Getting back to the evas filters/transforms stuff...

      One other aspect that needs to be addressed has to do with the
very notion Gustavo mentioned about "negotiating" buffer sizes that
a filter/transform might need for putting results to.. and in fact
this also covers things like calculating update rects when dealing
with these things at the canvas level.
      The problem is that it may be difficult, in general, to obtain
'bounds' for these kinds of operations on objects.
      Let's take the simple case of transformations. Though it's
easy to deal with this for affine ones, projective ones are a bit
more of a pain. There are ways to deal with this, eg. by restricting
the way the transforms are obtained (say to those that are equivalent
to texture-mapping a given quad), or other things, but in general
it's something that poses difficulty or inefficiency.

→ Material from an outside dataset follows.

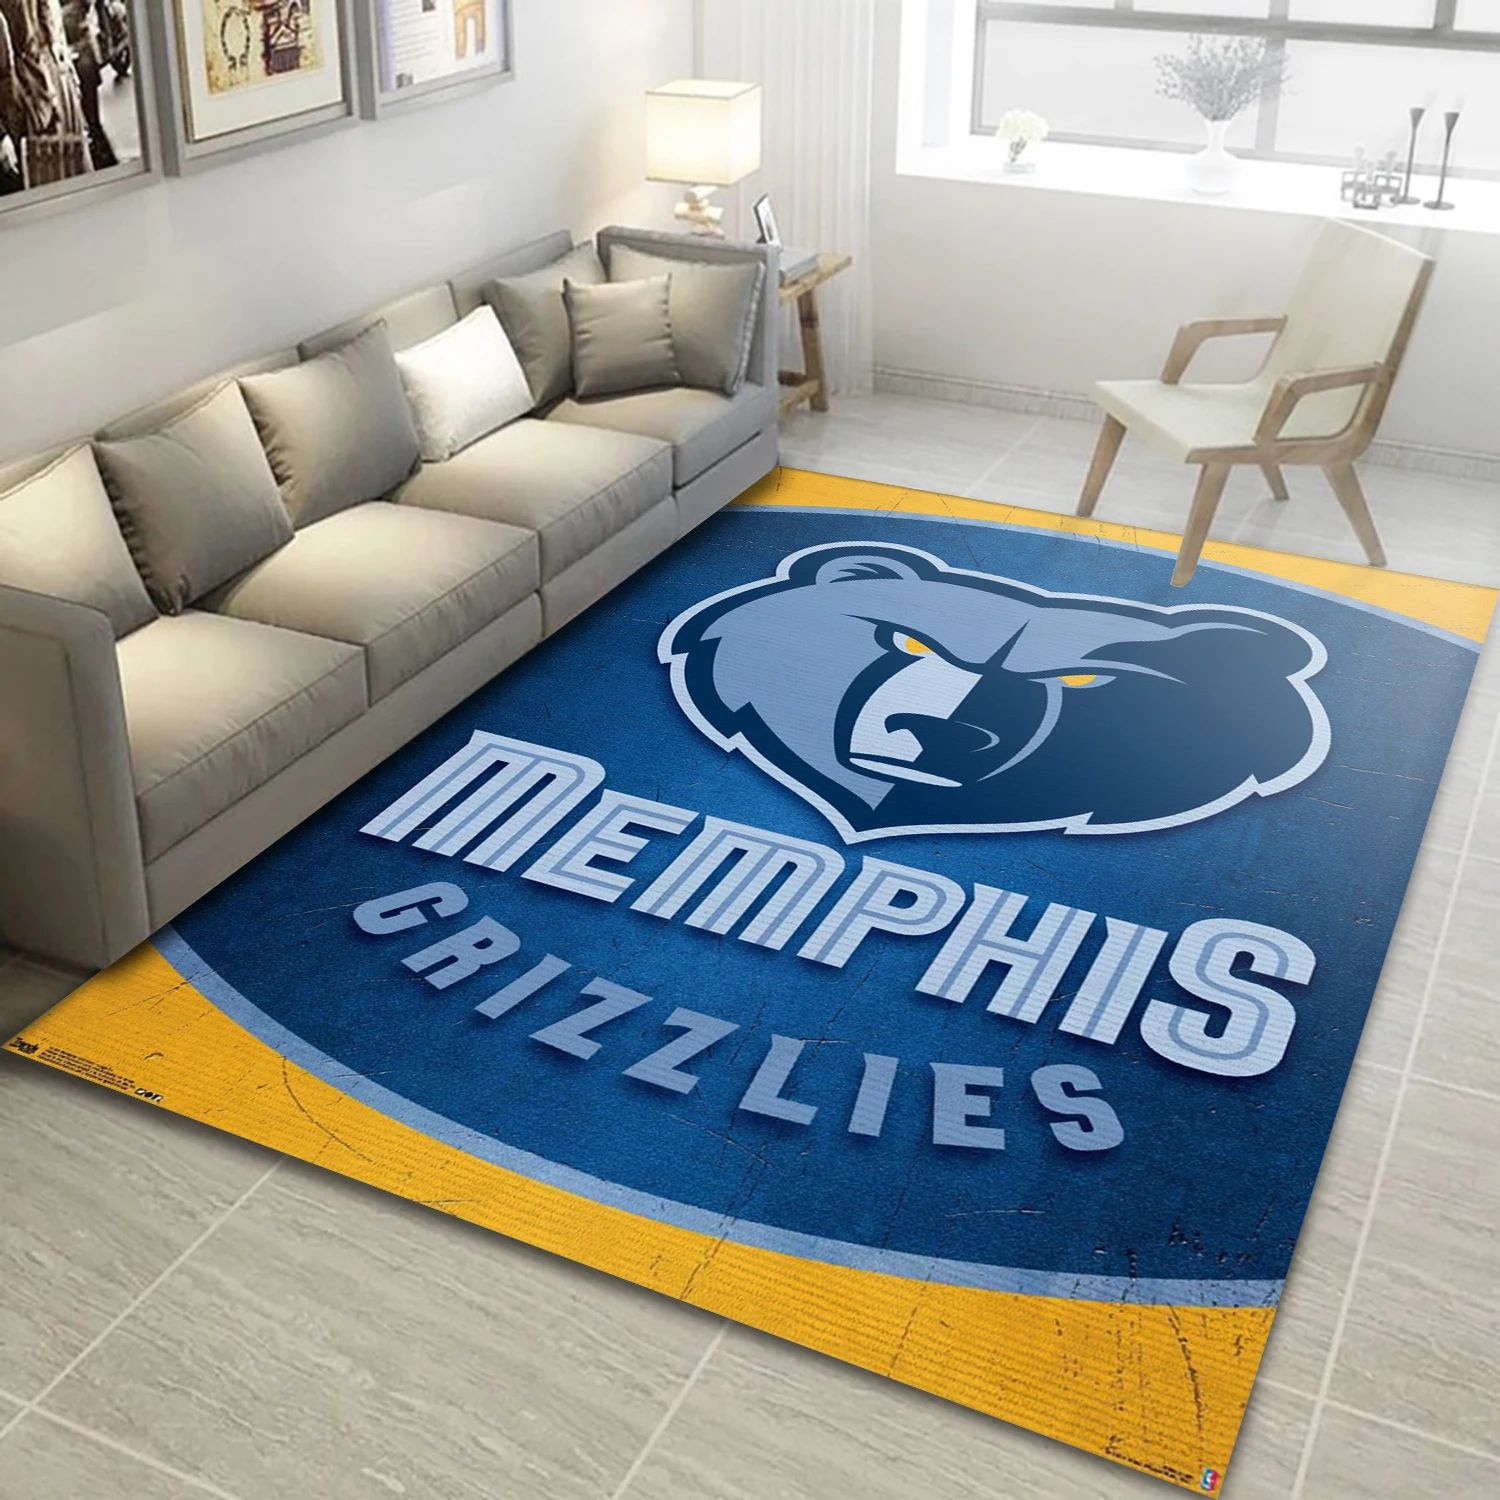 Memphis Grizzlies NBA Team Logos Area Rug, Living Room Rug - Home Decor - Indoor Outdoor Rugs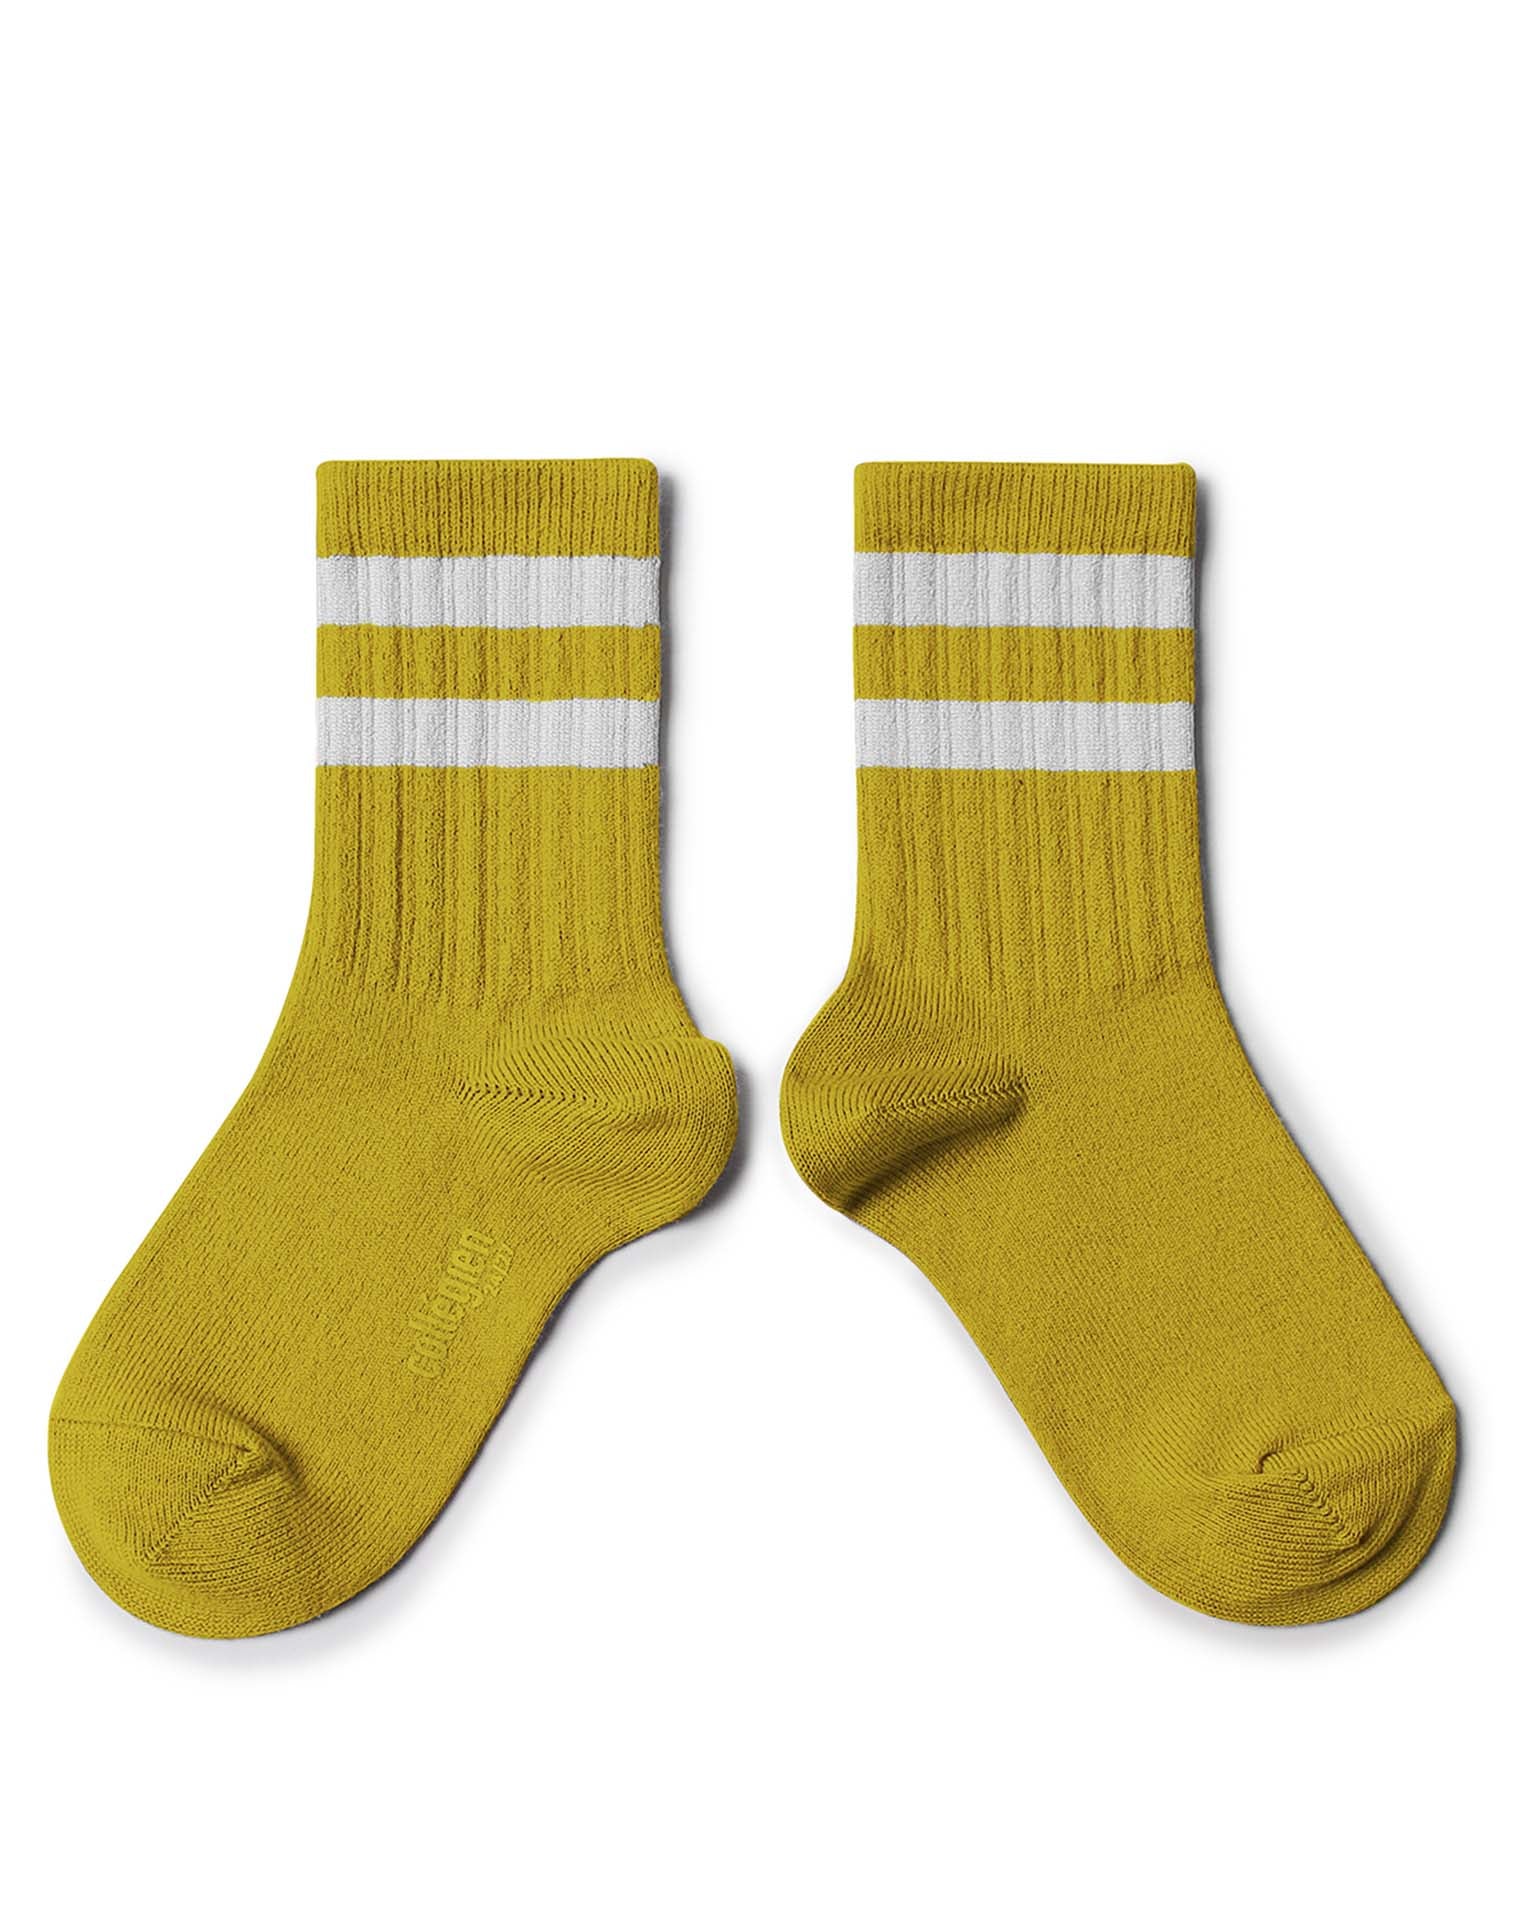 Little collégien accessories nico crew socks in kiwi doré

      In general, the complexity and inefficiency of determining
bounds or update regions increases rapidly as one allows complex
filters/transforms and arbitrary chaining of these, and an object's
'geometry' no longer determines its actual drawn geometry or bounds
on the canvas in a simple way.
      Many who use gl for rendering often don't bother with update
rects, and simply re-draw the whole scene when updates are needed,
or require one to manually provide the update rects.

      Related to this is the issue of 'picking', ie. determining
whether a given canvas point lies 'over' the drawn object. This is
fairly easy to deal with for transforms, affine or projective,
but may also pose issues with general filters (consider one that
turns an image into a blurry pretzel shape, or breaks it up into
many scattered pieces all over ...).
      One could require that the filter provide a function to
do the 'picking', but this would have to be in an inverse way,
ie. from target space to source space.. and most likely would end
up being a simple bounds check, which is generally very coarse.

      The issues here are not trivial - arbitrary filters/tranfs
are difficult to deal with for ui aspects. They're fine for gfx
presentations kinds of things, but not so naturally dealt with
for user interfacing.

      These kinds of things at one point led me to consider one
possibility of NOT having filters/tranfs on arbitrary objects,
but rather only on objects 'bound' to a 2d-scene kind of obj.
This was a fairly conservative approach, but nonetheless one that
I felt should be considered... among several others.